Researchers discover new class of ribosomal peptide with hemolytic activity

Living organisms produce a myriad of natural products which can be used in modern medicine and therapeutics. Bacteria and other microbes have become the main source for natural products, including a growing family called ribosomally synthesized and post-translationally modified peptides, or RiPPs. The labs of Douglas Mitchell (MMG), John and Margaret Witt Professor of Chemistry, and Huimin Zhao (CABBI/BSD/GSE/MMG), Steven L. Miller Chair of Chemical and Biomolecular Engineering, at the University of Illinois Urbana-Champaign have been working in tandem to identify and analyze new RiPPs that could be good candidates for drug development and therapeutics.

“Compared to other classes of natural products such as alkaloids, terpenes, or polyketides, RiPPs are still underexplored, partly because their biosynthetic gene clusters are quite small and were often overlooked in the past,” said Zhao. “So we decided to develop new technologies to discover novel RiPPs with biological activity.”

“Now that we’re in the genomics era, we’re realizing just how widespread these groups of natural products are, especially in bacteria,” said Shravan Dommaraju, a PhD candidate in Mitchell’s lab. “We’re basically in this exploration phase, where we know that they’re out there, and the goal is to see how many we can find because we don’t know what they all do yet.”

In a new paper by the Zhao and Mitchell labs, with co-first authors Dommaraju and Hengqian Ren, a postdoctoral researcher in Zhao’s lab, the team reported the discovery of a unique, novel class of RiPPs, which they have named “daptides.” Unlike most peptides which have one positively charged and one negatively charged end, or “terminus,” daptides instead have two positively charged termini.

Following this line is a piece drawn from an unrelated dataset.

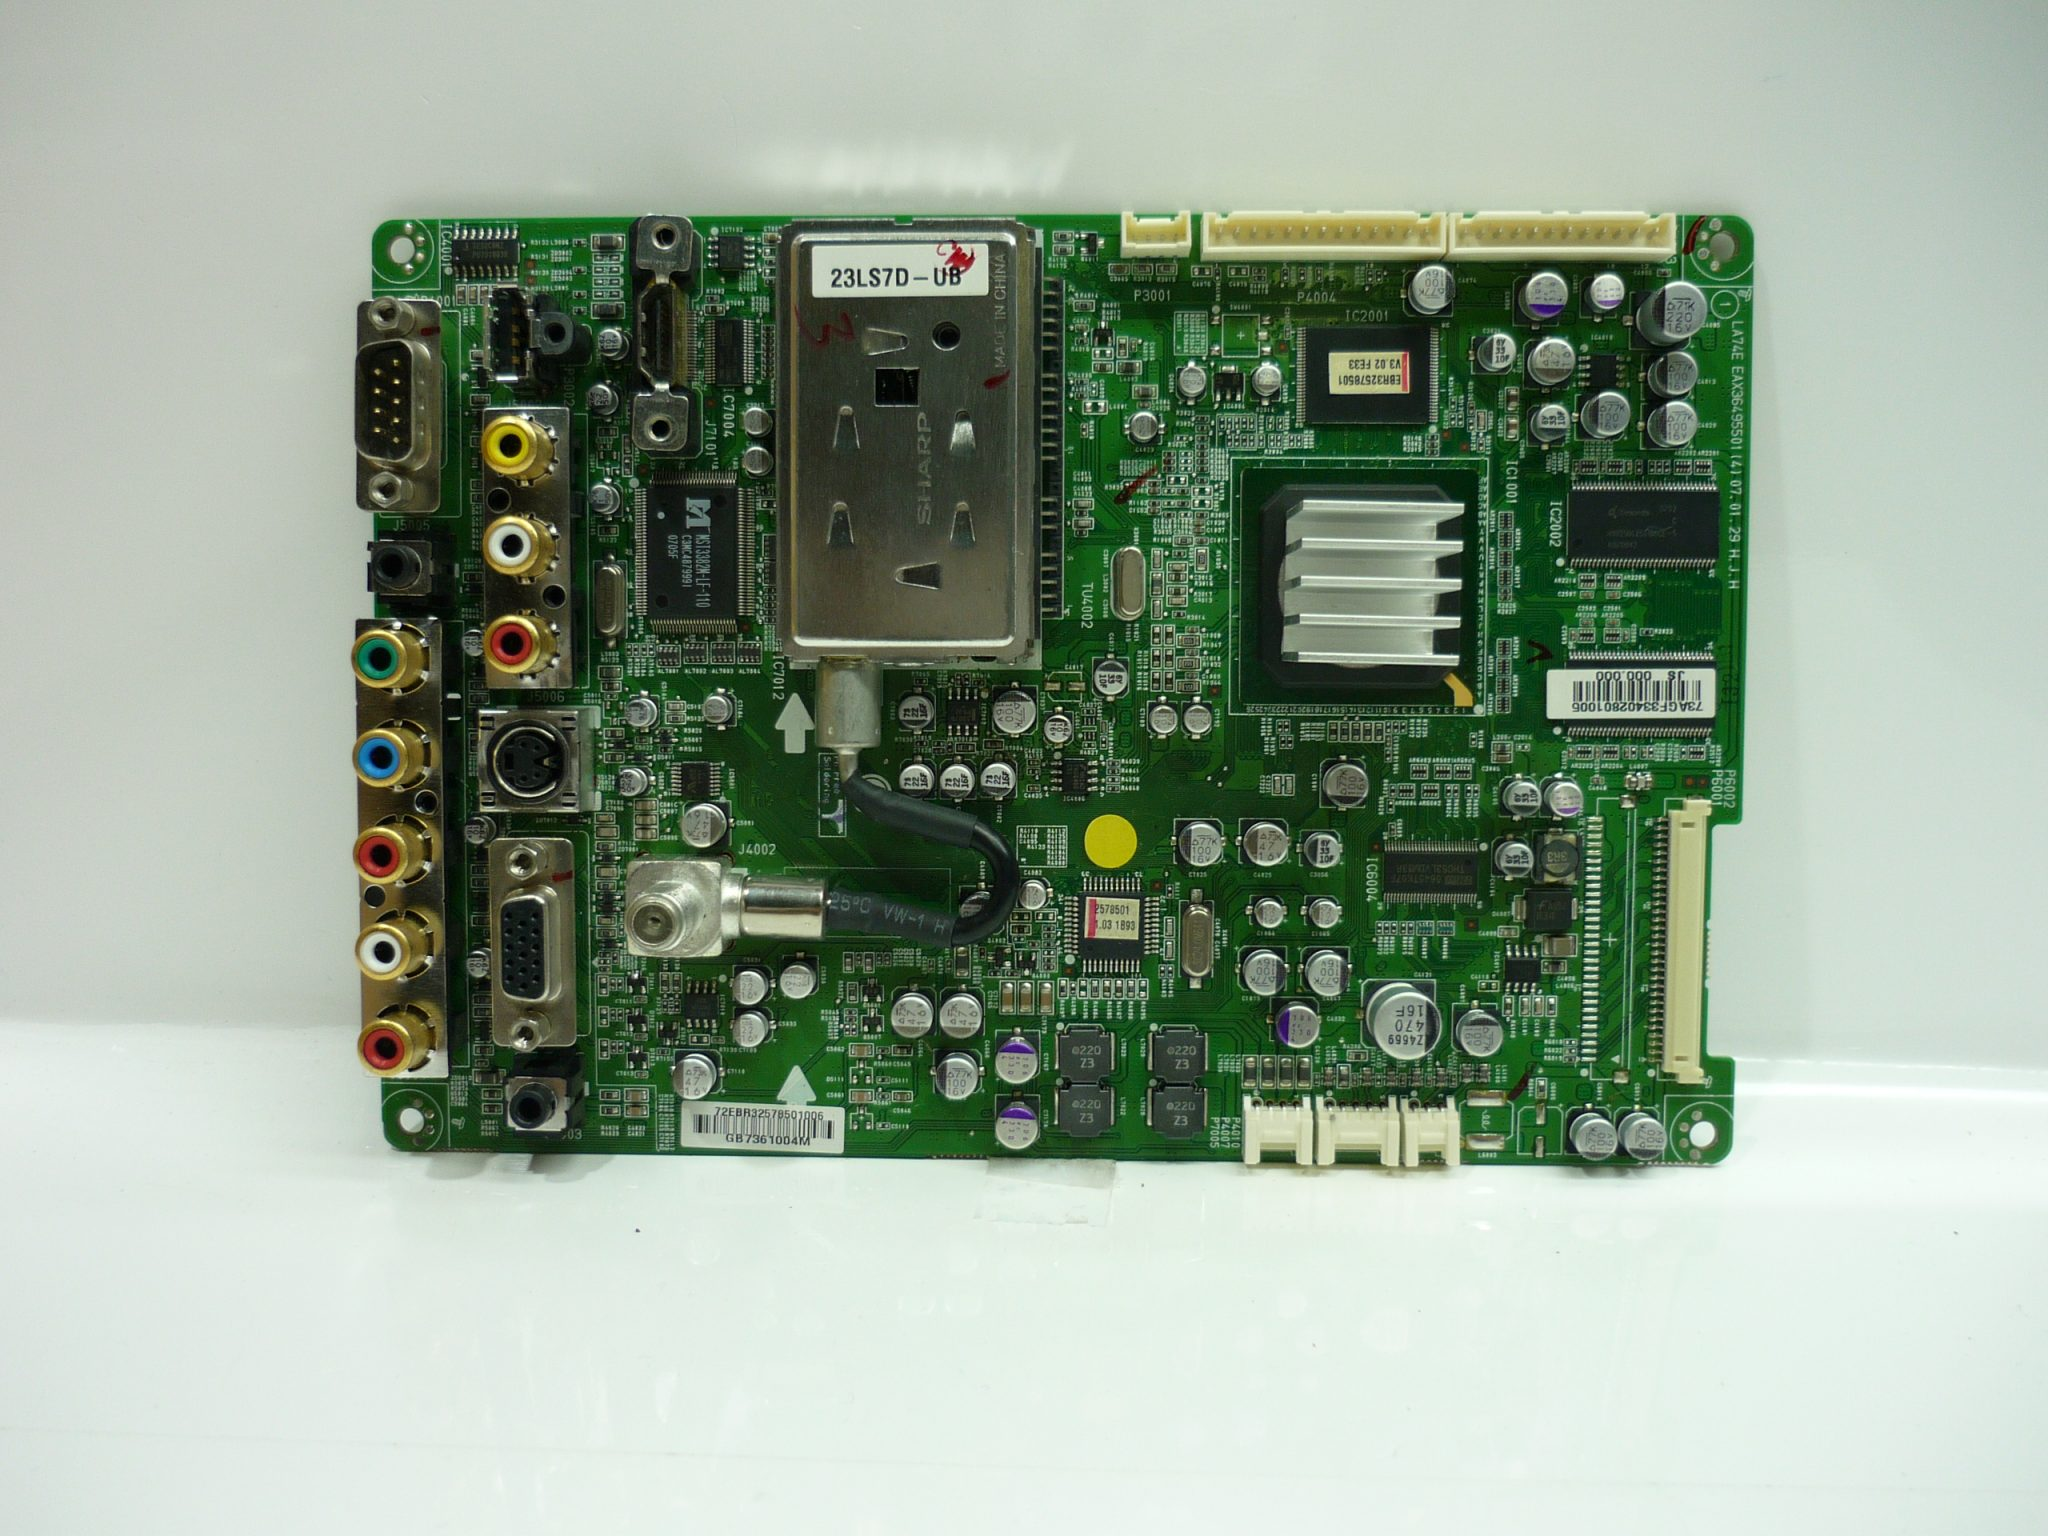 LG EBR32578501 (AGF33402801) Main Board for 23LS7D-UB

“A textbook would say that a peptide has an amino terminus and a carboxy terminus, but in our case, we found a ribosomal peptide that has two amino termini,” said Ren. “Because there’s positive charge at both ends, this gives daptides some interesting bioactivities.”

The researchers explained that while this change in termini may seem small, the positive charge of both termini gives daptides the potential to interact with negatively charged objects, such as cell membranes. To test this, the team added the daptides to a dish with red blood cells. They found that the daptides showed hemolytic activity, meaning that they disrupted the membranes of the cells, causing them to rupture. Zhao explained that hemolytic activity is rarely found in the RiPPs the team works with, and that antimicrobial or antifungal activity is much more common.  

“We were thinking about the structure and what is the evolutionary drive to cause a peptide to lose the negatively charged C terminus and replace it with a positively charged amino group,” Dommaraju said. “From an engineering perspective, if you wanted to make a peptide that can interact with a membrane, you would stick a bunch of positive charges on it. And that’s actually what led us to testing this for hemolytic activity because we knew that it had this modification that should allow for that.”

Finding new RiPPs is no easy task. First the researchers use bioinformatics to compare and try to identify gene clusters that could produce potential RiPPs. Then they clone the targeted cluster and place it into an organism to be expressed, after which they can check for any natural products produced. Even after obtaining the products, there is still the question of what the products do and how they are produced, which can be tested with bioassays, gene knockouts, and a variety of other tests. But Dommaraju says the labs each play to their expertise when collaborating to streamline the process.

“So on a project like this, the Mitchell lab does the bioinformatics and identifies cool gene clusters, and the Zhao lab gets the synthetic biology system up and going to express these peptides and make them,” Dommaraju explained. “So then we are able to tag team our experience and the overlapping stuff that we do to get the project to the finish line.”

The researchers say the next steps are to understand the enzyme functions of the daptides, and use bioinformatics analysis to see if there are other combinations of genes associated with daptide production. Directions for further studies in the future include exploring potential therapeutic uses for daptides, and the ecological role that daptide production has for the bacteria that make them. However, both Ren and Dommaraju agreed that their interests in future experiments with RiPPs extends beyond just daptides, as there are still more classes to discover.

“We’re interested in using our bioinformatics tool to find as many different natural product classes as we possibly can,” said Ren. “There is such a large frontier right now of undiscovered RiPP classes, and it’s exciting to be at the cutting edge, discovering new possibilities. There’s always a chance that the next product you find might be a major therapeutic development!”

The paper is published in Nature Communications and can be found at DOI 10.1038/s41467-023-37287-1. The work was funded by National Institute of Allergy and Infectious Diseases (NIAID) and the National Institute of General Medical Sciences (NIGMS).